When we enter this world we really come here to learn. Learn to love and learn to love unconditionally. You need to learn how to communicate, forgive and trust in order to really love unconditionally. It can take an entire lifetime to learn but those are your keys to freedom. Mind, body and soul freedom. When you learn to release the negative thoughts about hurts then you heal your mind. When you learn to release emotions from hurts then your body will function better. When you open your heart and offer forgiveness, listen to another and begin to trust then you have healed your soul and set yourself free.
There are traumas in life. There are so many painful moments that happen so we learn how to cope and pick ourselves up so we can continue on this journey. Life is not easy but life can be a little easier if we don’t hold the cords so tight. It’s a choice to either suffocate yourself by blocking peace or allow yourself to breathe by letting go and loosening the knots. No matter how badly something or someone hurt you there is always a chance to heal. The opportunity is always present but YOU must make the decision to heal.
So try to begin the process of trusting again. There are plenty of people who will never hurt you so do try to avoid being too stubborn with your trust. Cautious is acceptable but stubborn can block good things and people from entering your life. Try to forgive those who have hurt you and when it’s time to trust them again make some small steps towards clearing the cords. There is a life line that connects us all and they only thing that keeps that line clear is love. Love is freedom. Love heals everything. It’s when you are able to open your heart and allow love in, your soul finds peace and helps you untangle the cords.
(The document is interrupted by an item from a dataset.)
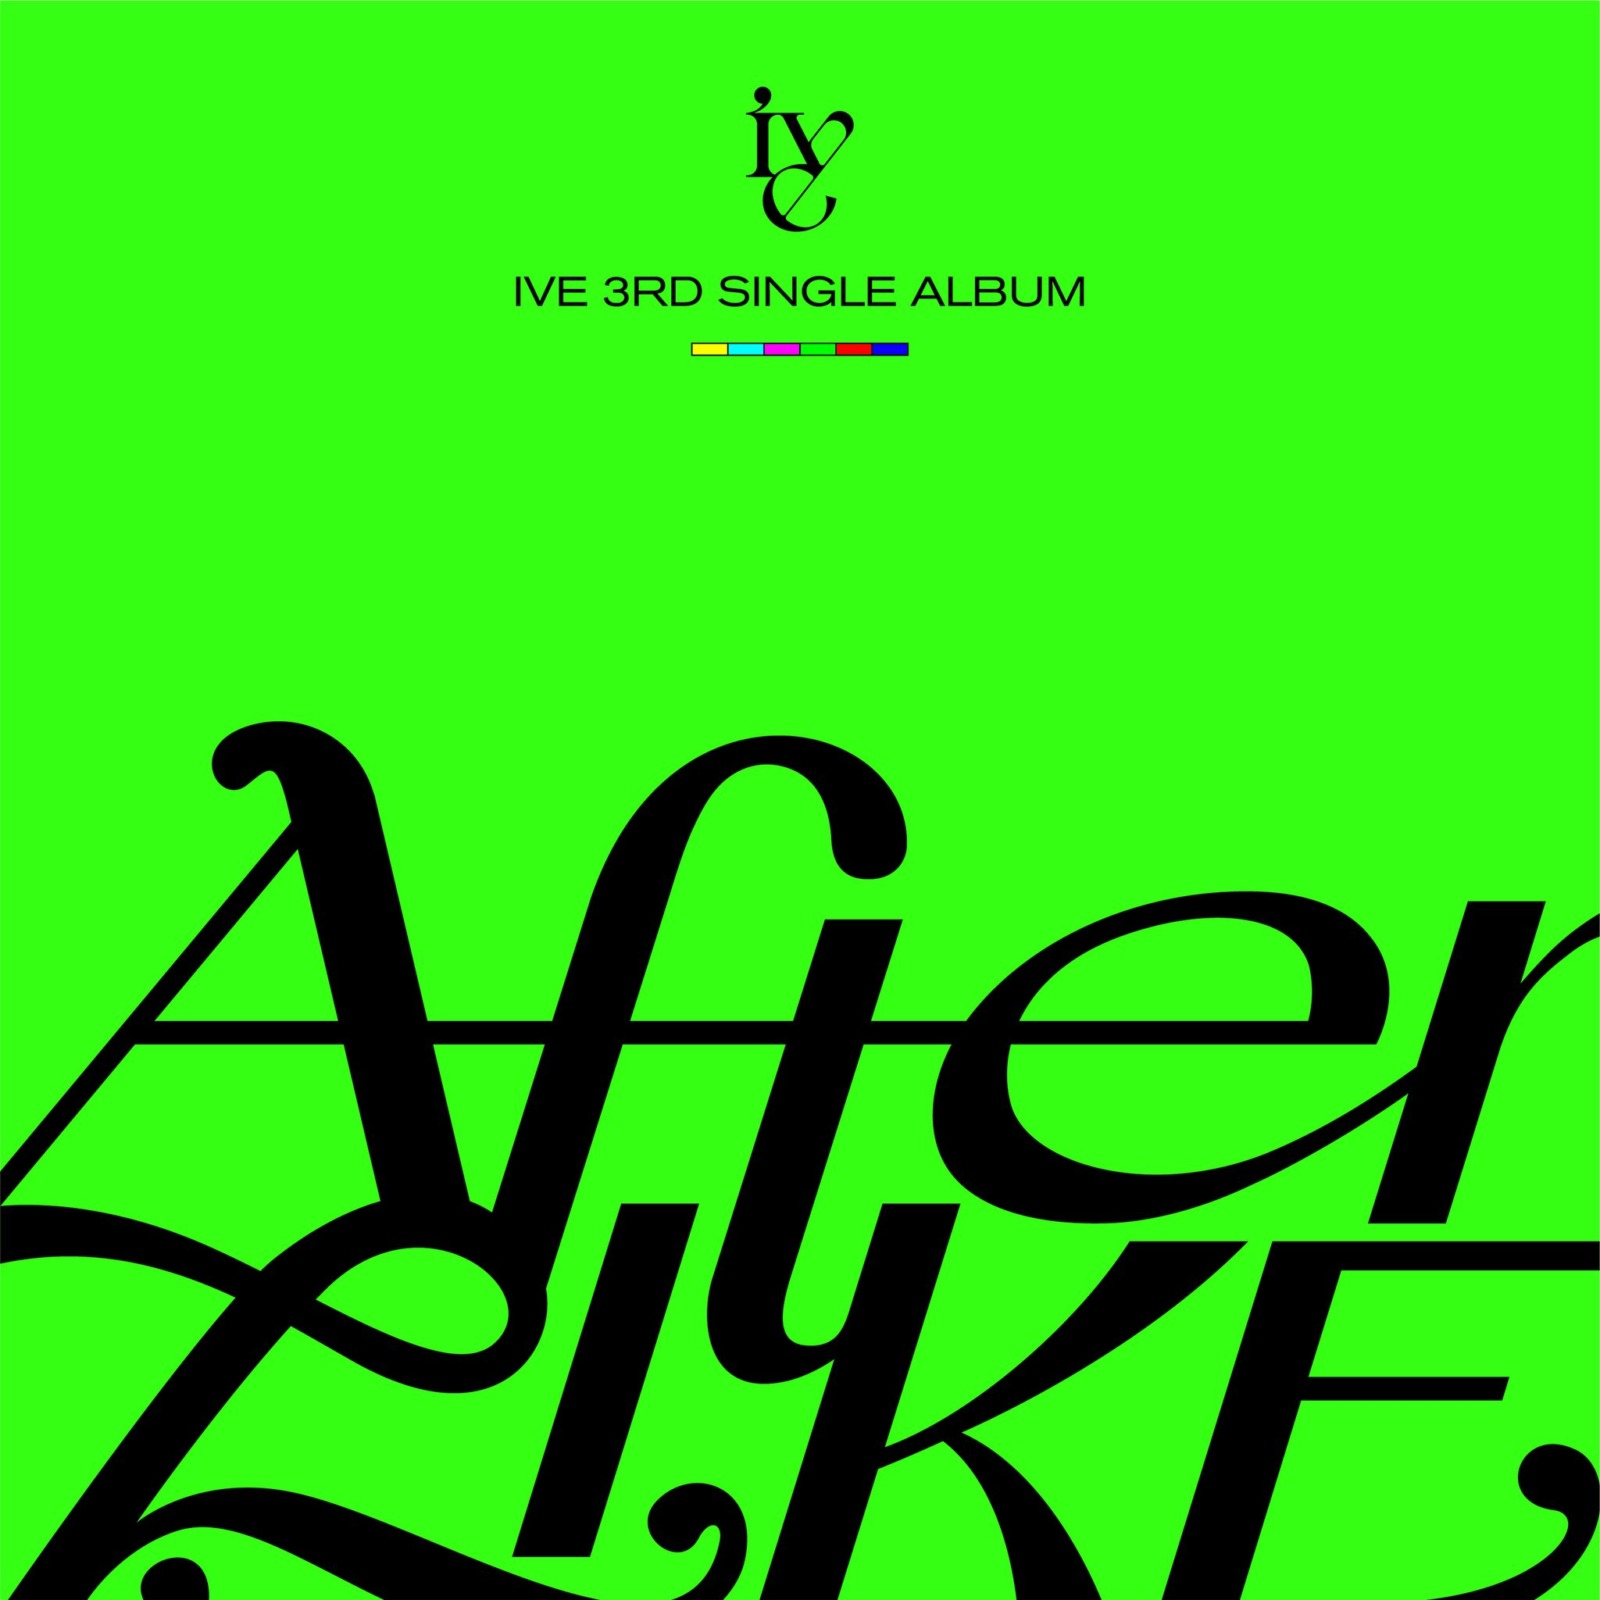 IVE (アイブ) が華やかな3rdシングル「After LIKE (アフターライク)」をリリース

I asked my kids to pick the cards.
Breathe- it’s crazy how the card always fit too. It’s a sign guiding you to the direction that will be most beneficial for your life. Tangled cords are suffocating so it’s best to release them.
Leadership- I feel this one is telling you that it needs to be YOU who takes the step towards healing the relationship. Go inward for a little bit and see if you are holding a grudge or being a bit too stubborn. Be honest with yourself because it’s about freeing yourself from unnecessary pain.
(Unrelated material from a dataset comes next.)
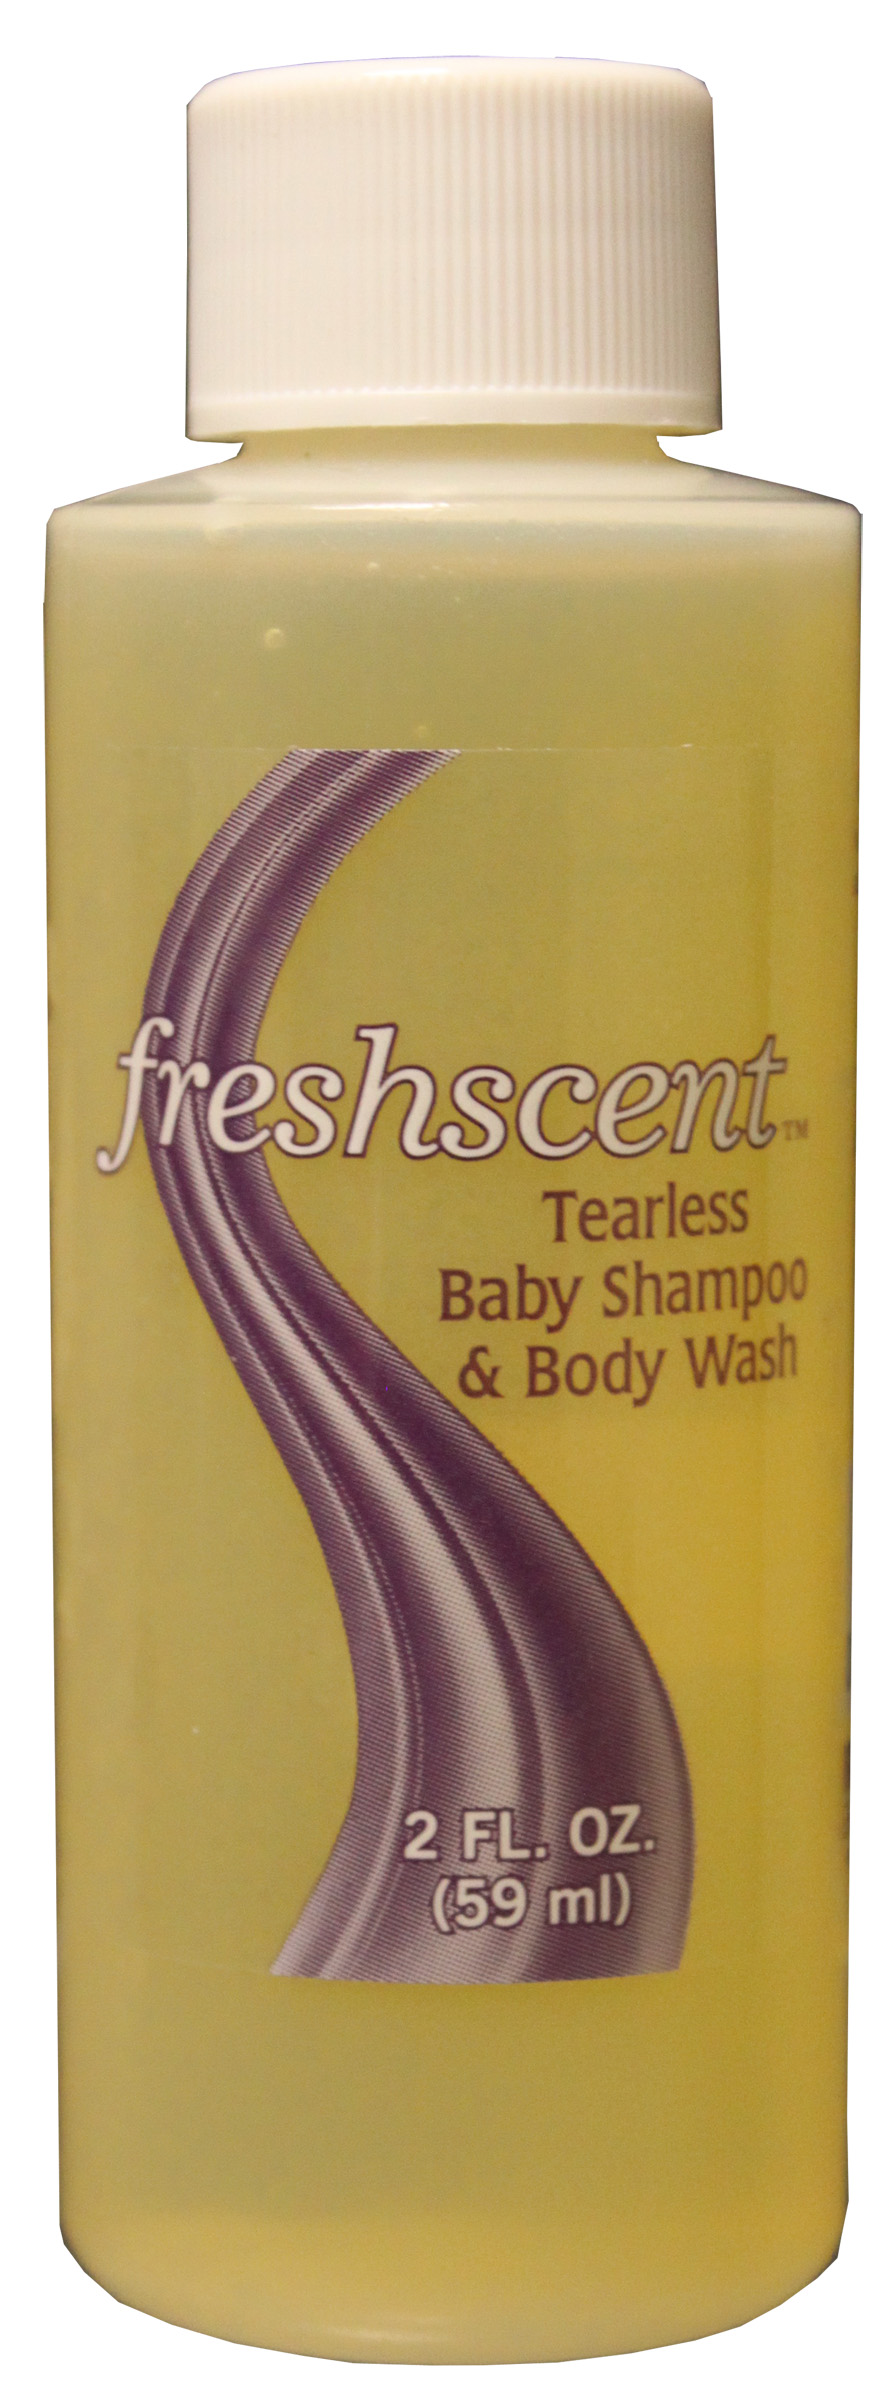 Freshscent 2 oz. Tearless Baby SHAMPOO & Body Wash

Love Yourself- a message to let love in and allow yourself to feel peace on a soul level so life can be less painful.
Send Love- telling you to bring the energy of love into any strained relationship. It’s opening the door to healing and once you open the door those who are connected with begin to feel the freedom as the tangled cords clear. It’s a matter of wishing peace for yourself and another rather than being the reason for their pain and suffering in life. The heart never wants to hurt anyone. The ego causes the hurt. Try to see beyond another’s ego and it makes sending love a lot easier.